### EXERCISE GOAL
Please return the data that follows precisely as written, but without the images.

### GIVEN DATA
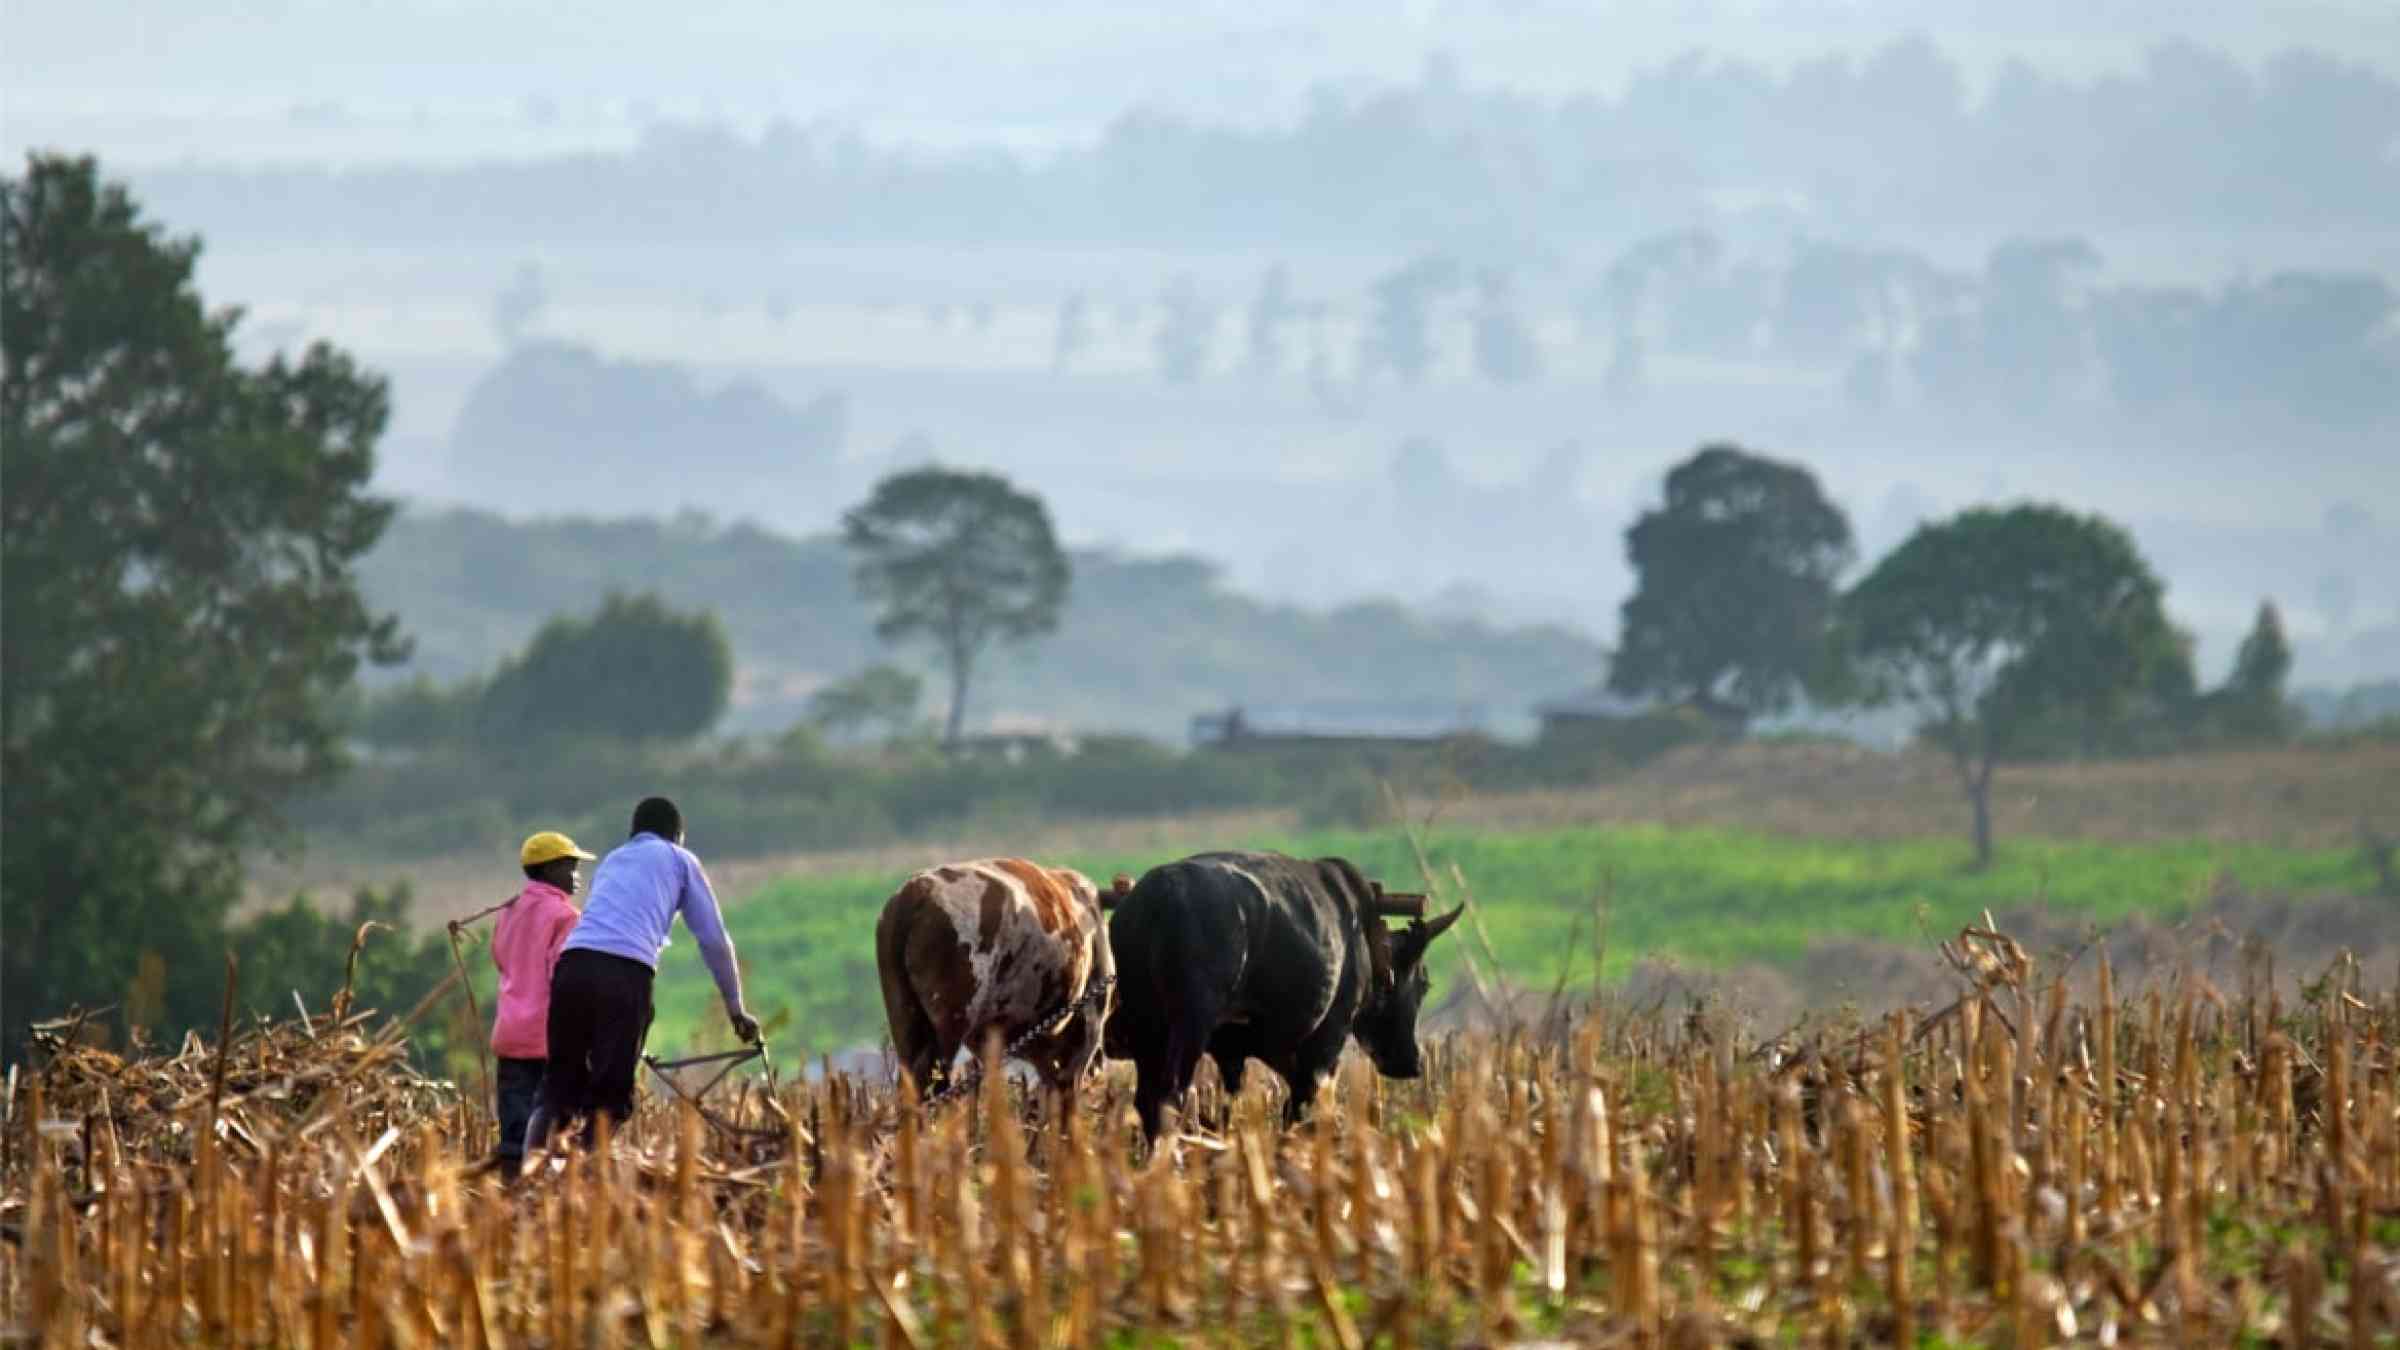 Farmers plowing a field in Kenya
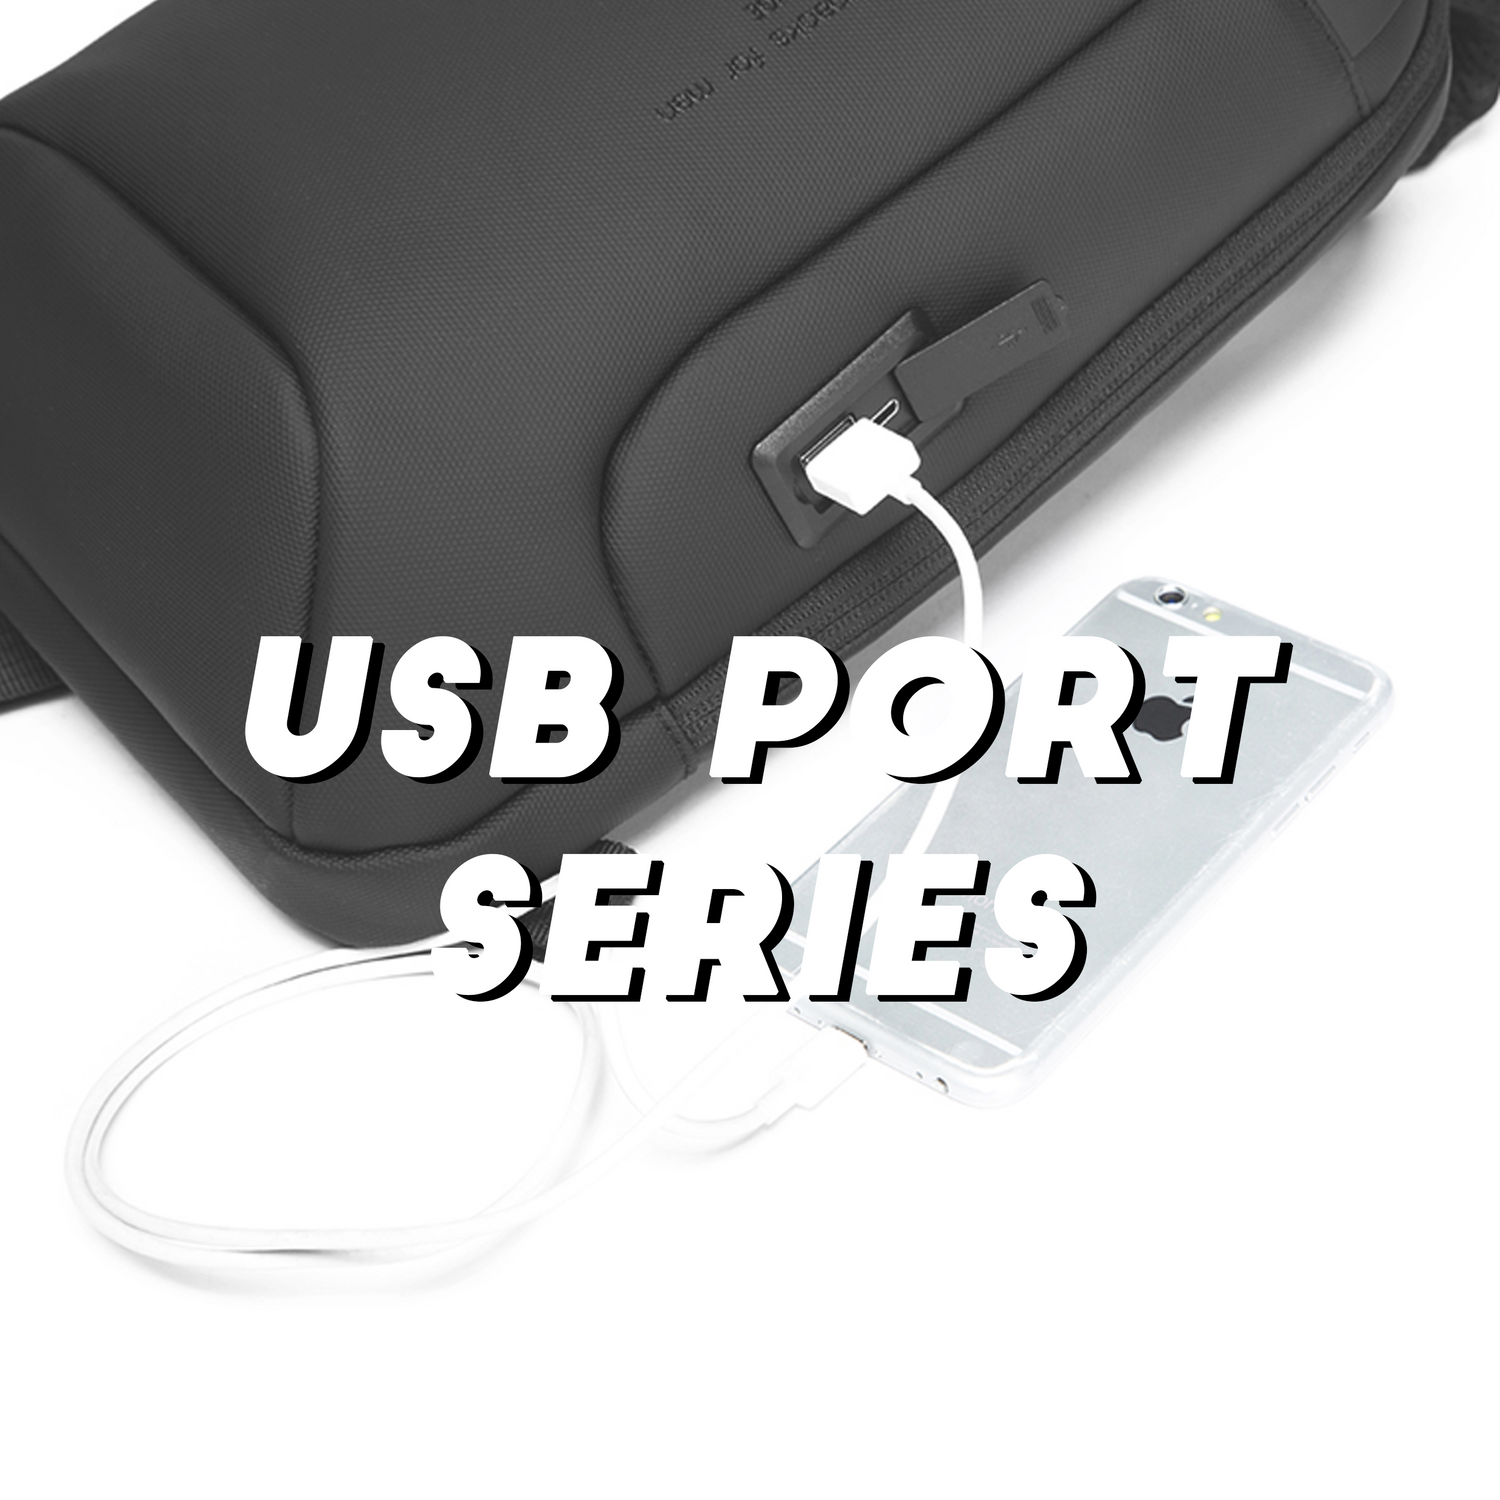 USB Port Series
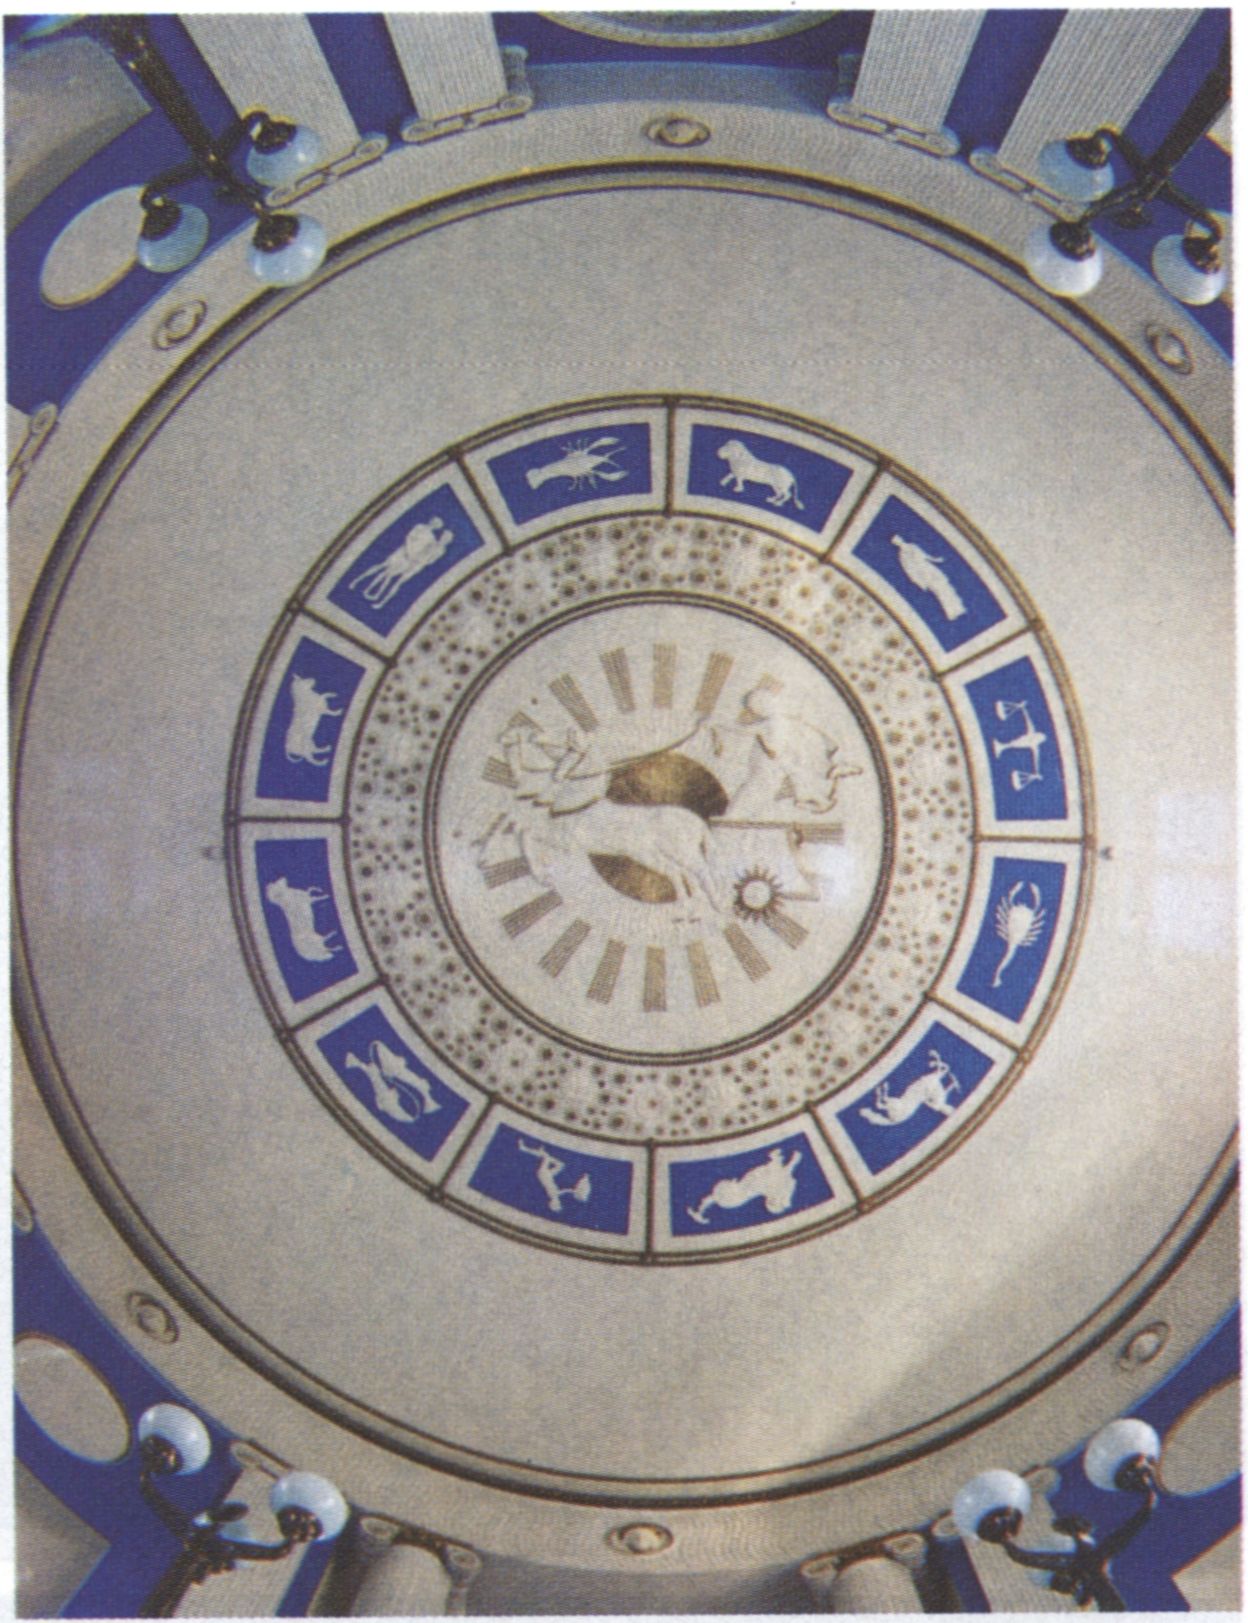 Банк. Интерьер холла. Плафон-тондо — изображение квадриги, управляемой Аполлоном. Зодиакальный пояс. Публикуется впервые

### ANSWER FOR THIS EXERCISE
 Farmers plowing a field in Kenya
 USB Port Series
 Банк. Интерьер холла. Плафон-тондо — изображение квадриги, управляемой Аполлоном. Зодиакальный пояс. Публикуется впервые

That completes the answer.